En un momento del taller, lancé una pregunta sencilla:
—¿Cuál ha sido vuestro último error?
—¿O cuál es el error que más os pesa?
Una de las madres que estaban en el taller dijo:
“Mi gran error ha sido dejar de hacer cosas por centrarme exclusivamente en la maternidad.
He dejado de viajar, de formarme, de cuidarme… Me olvidé de mí para ser madre.
Y ahora estoy intentando recuperar esas partes.”
Y entonces se hizo un silencio que no era incomodo.
Un silencio que no era vacío, sino todo lo contrario: estaba lleno de reconocimiento.
Porque, en el fondo, no hablaba solo de ella.
Hablaba de una forma muy extendida de entender la maternidad: estar para todo, anticiparnos a todo, resolver antes de que el error aparezca. Acompañar tanto que, sin darnos cuenta, dejamos poco espacio para que nuestros hijos se confundan, prueben, se equivoquen y aprendan por sí mismos.

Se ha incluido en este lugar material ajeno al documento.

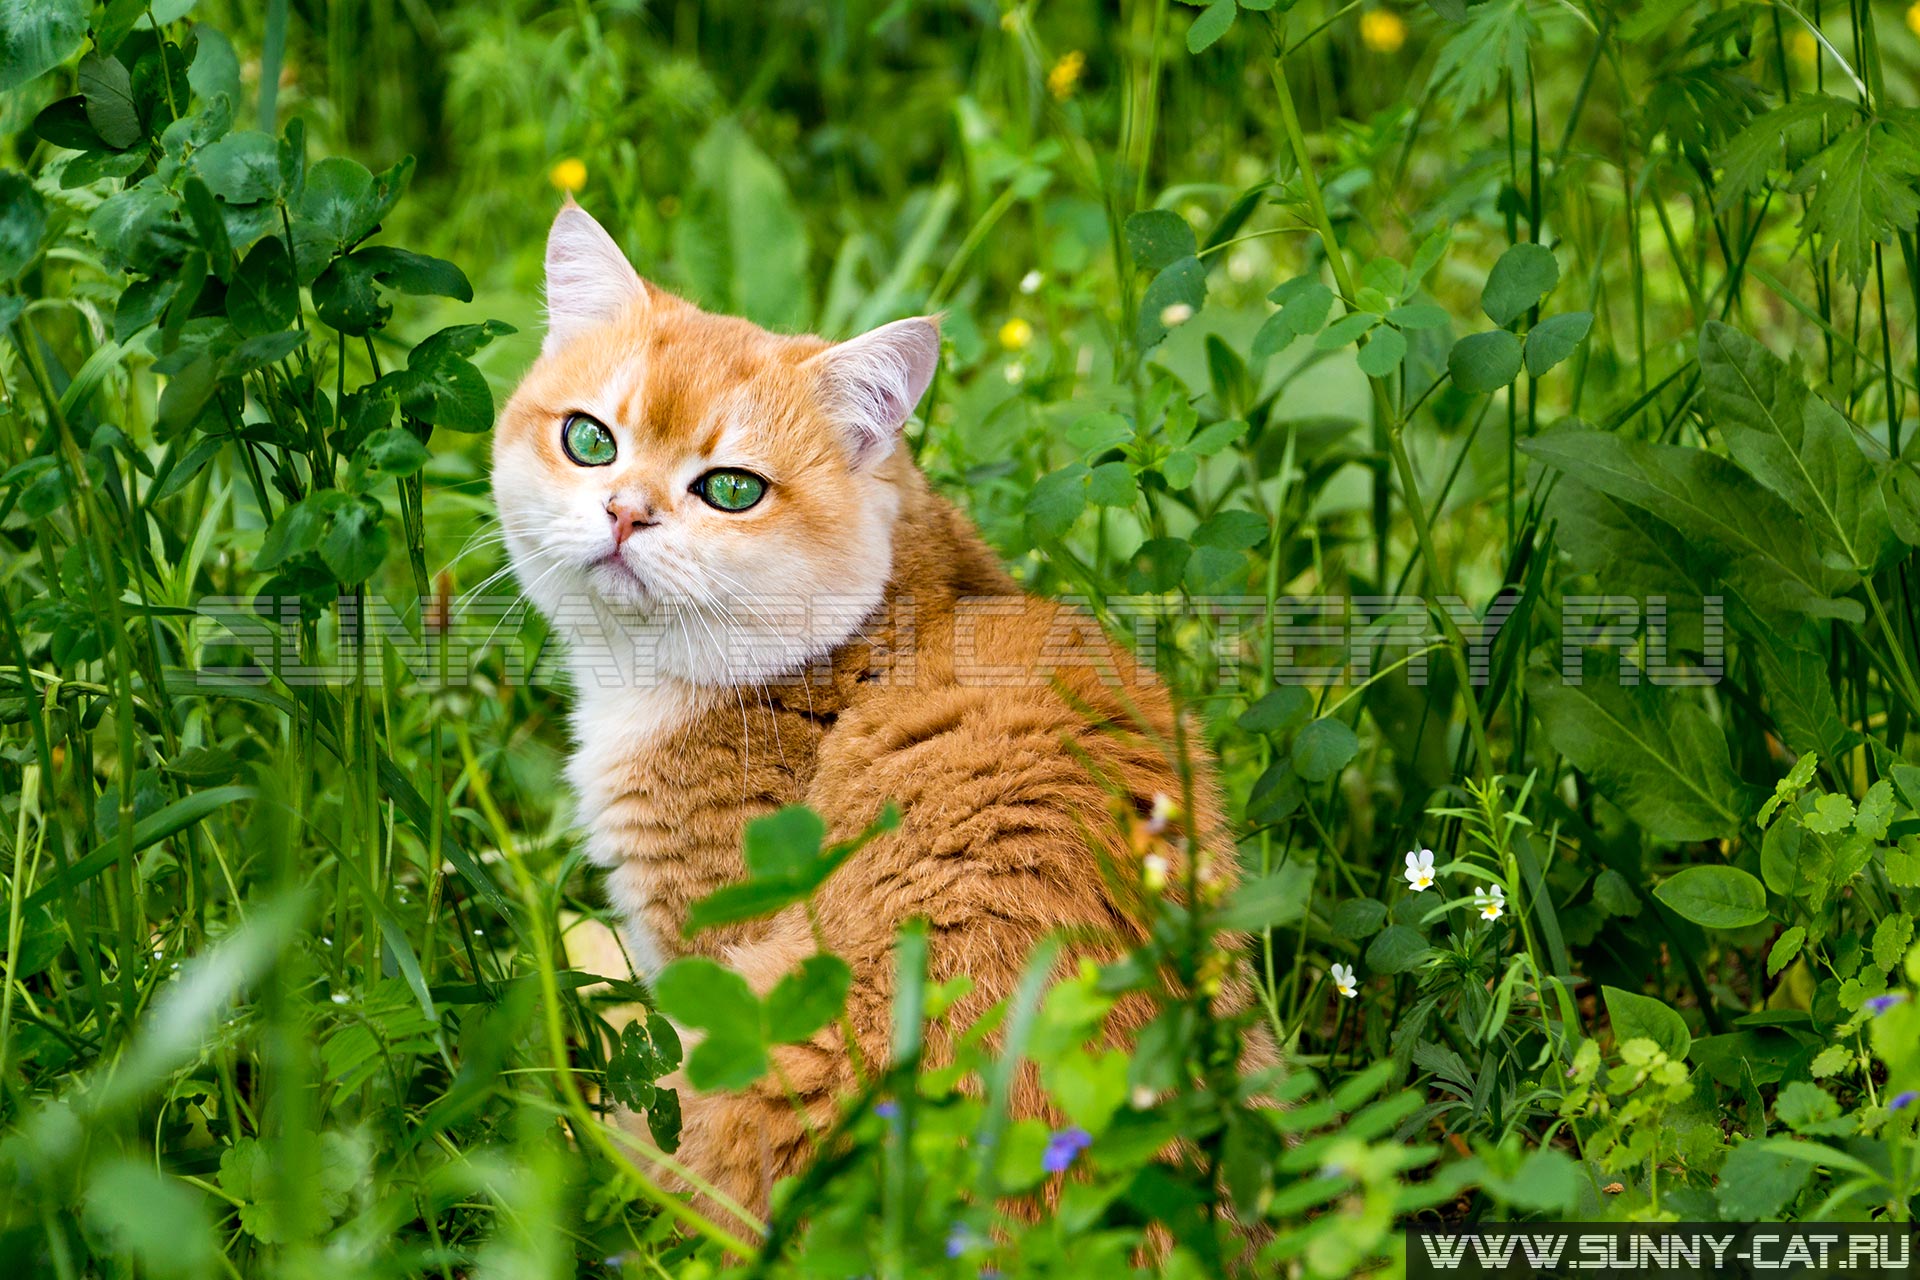 Кот в зеленой траве и цветах, красивый рыжий британский кот с зелеными глазами сидит в густой траве среди маленьких цветов и смотрит в камеру.

Muchas veces intervenimos en cosas que ya pueden hacer. No por falta de confianza en ellos, sino por miedo al malestar, al fallo, a que se frustren. Y así, poco a poco, vamos retirando oportunidades para que desarrollen autonomía, tolerancia a la frustración y confianza en sus propios recursos.
Ahí es donde aparece lo que luego vemos en consulta: dificultades para manejar el error, bloqueos ante la exigencia y una vivencia muy rígida del fallo. No porque no puedan, sino porque pocas veces han tenido espacio para equivocarse con seguridad.
Y en paralelo, mientras sobrevolamos sus procesos, nos vamos quedando fuera de los nuestros.
Porque sostenerlo todo suele implicar renuncias:
a tiempo propio,
a espacios personales,
a partes de la identidad que no desaparecen… pero sí quedan en pausa.
Lo valioso de lo que compartió esa madre no fue solo nombrar lo que perdió, sino darse cuenta de algo más importante: que todavía está a tiempo. Que puede recuperar partes de sí misma. Y que hacerlo no es egoísmo, sino también aprendizaje para sus hijos.
Porque una madre que se permite revisar sus decisiones, reconocer un error y hacer ajustes está enseñando algo fundamental: que la identidad no se pierde, que se transforma. Y que equivocarse no es un final, sino un punto de partida.
Tal vez acompañar de verdad no signifique evitar el error, sino confiar lo suficiente como para dejar que ocurra. En ellos y en nosotras.
Y entender que permitirnos recuperar lo que dejamos atrás también es una forma de educar.